• _TASK TO COMPLETE_: When you copy the data, keep every word exactly as it is and leave the pictures out.

• _PROVIDED DATA_:
::::
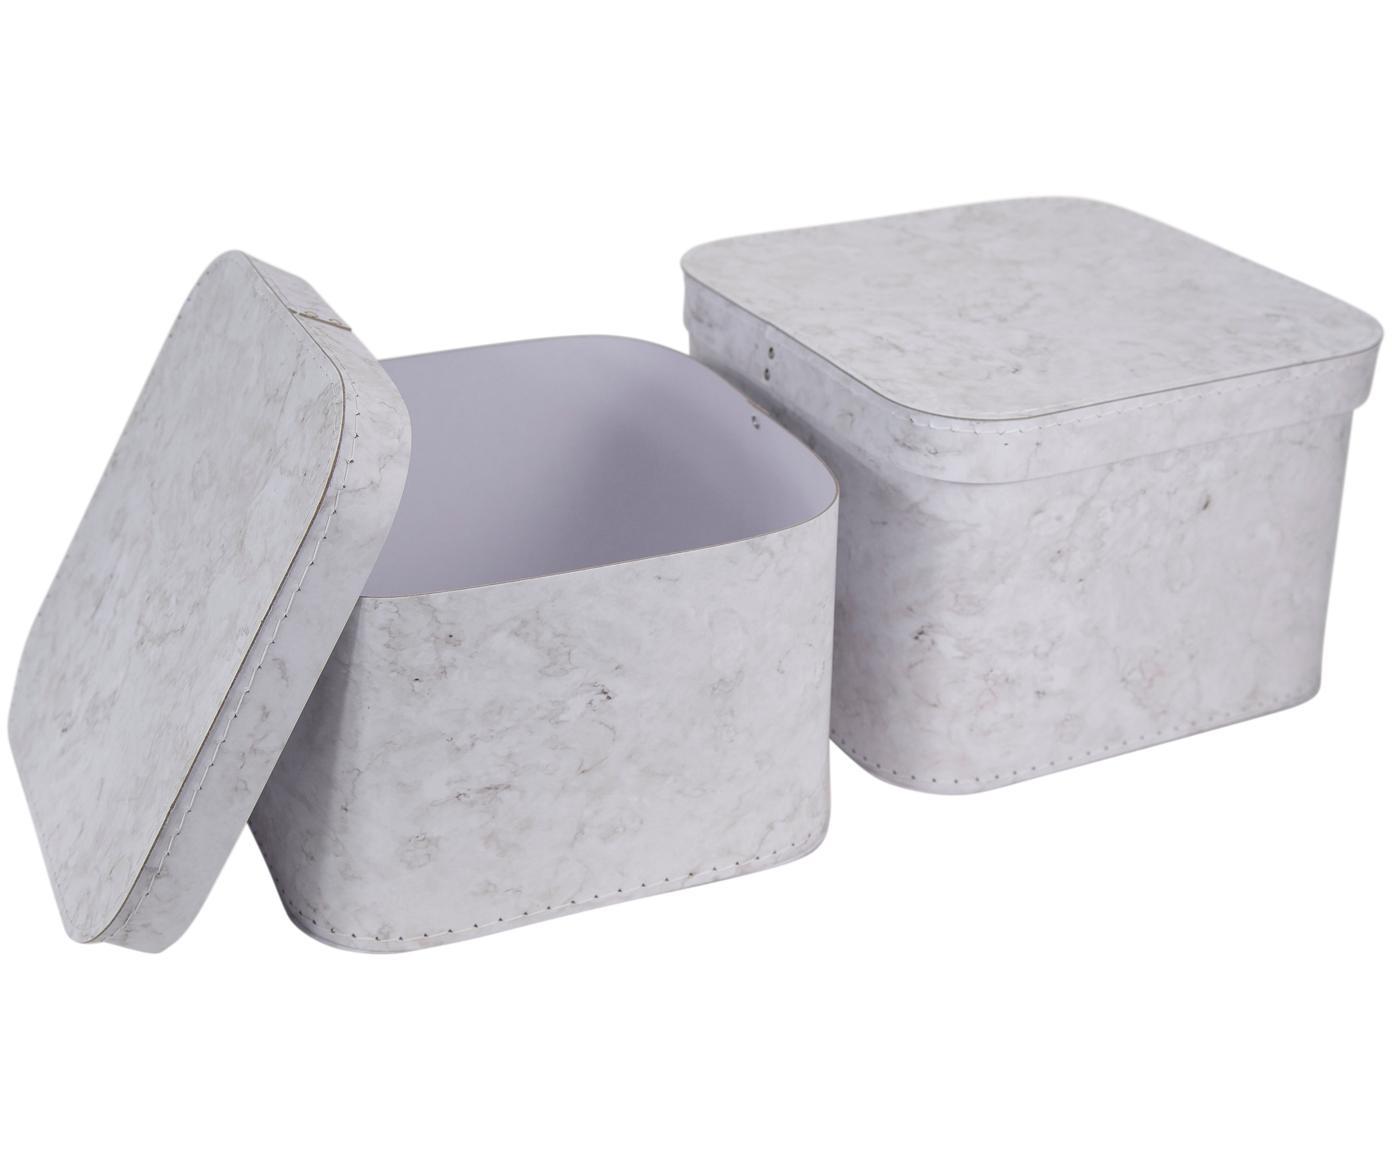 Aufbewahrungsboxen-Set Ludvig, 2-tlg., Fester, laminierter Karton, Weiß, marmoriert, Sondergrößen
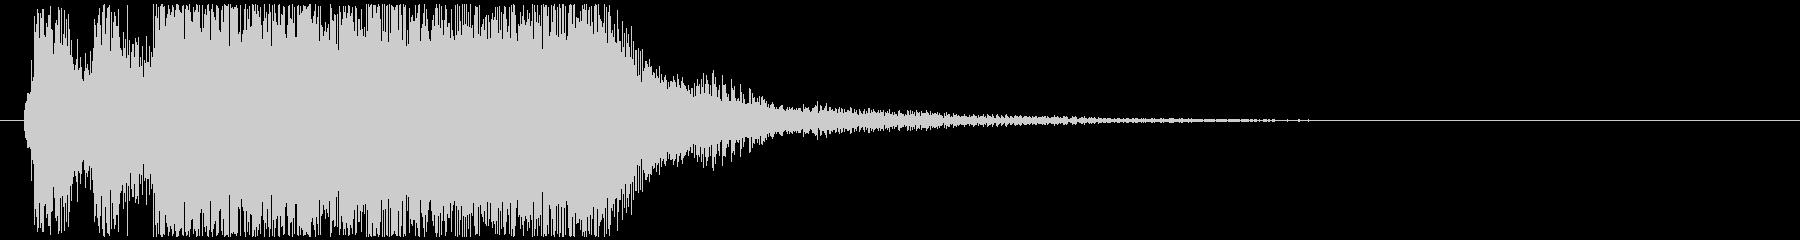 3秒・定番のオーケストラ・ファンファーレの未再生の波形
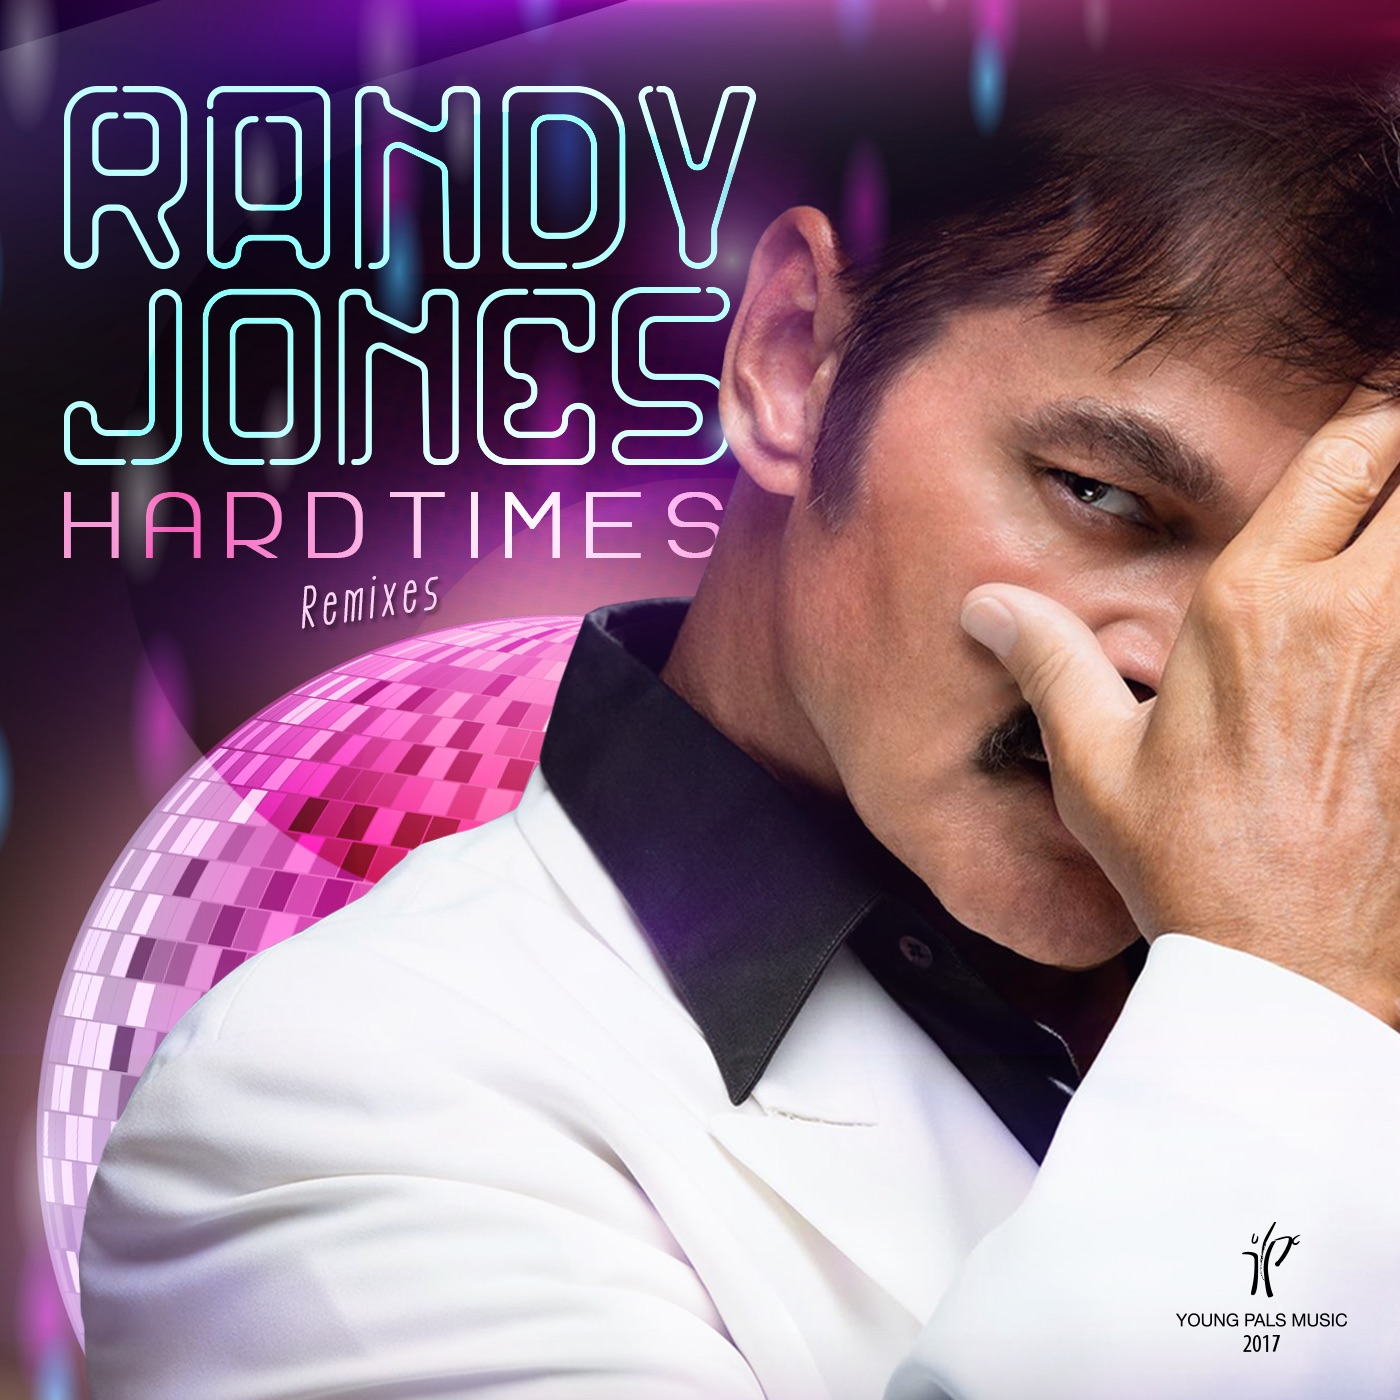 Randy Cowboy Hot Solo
::::
• _SOLVED EXERCISE_:
 Aufbewahrungsboxen-Set Ludvig, 2-tlg., Fester, laminierter Karton, Weiß, marmoriert, Sondergrößen
 3秒・定番のオーケストラ・ファンファーレの未再生の波形
 Randy Cowboy Hot Solo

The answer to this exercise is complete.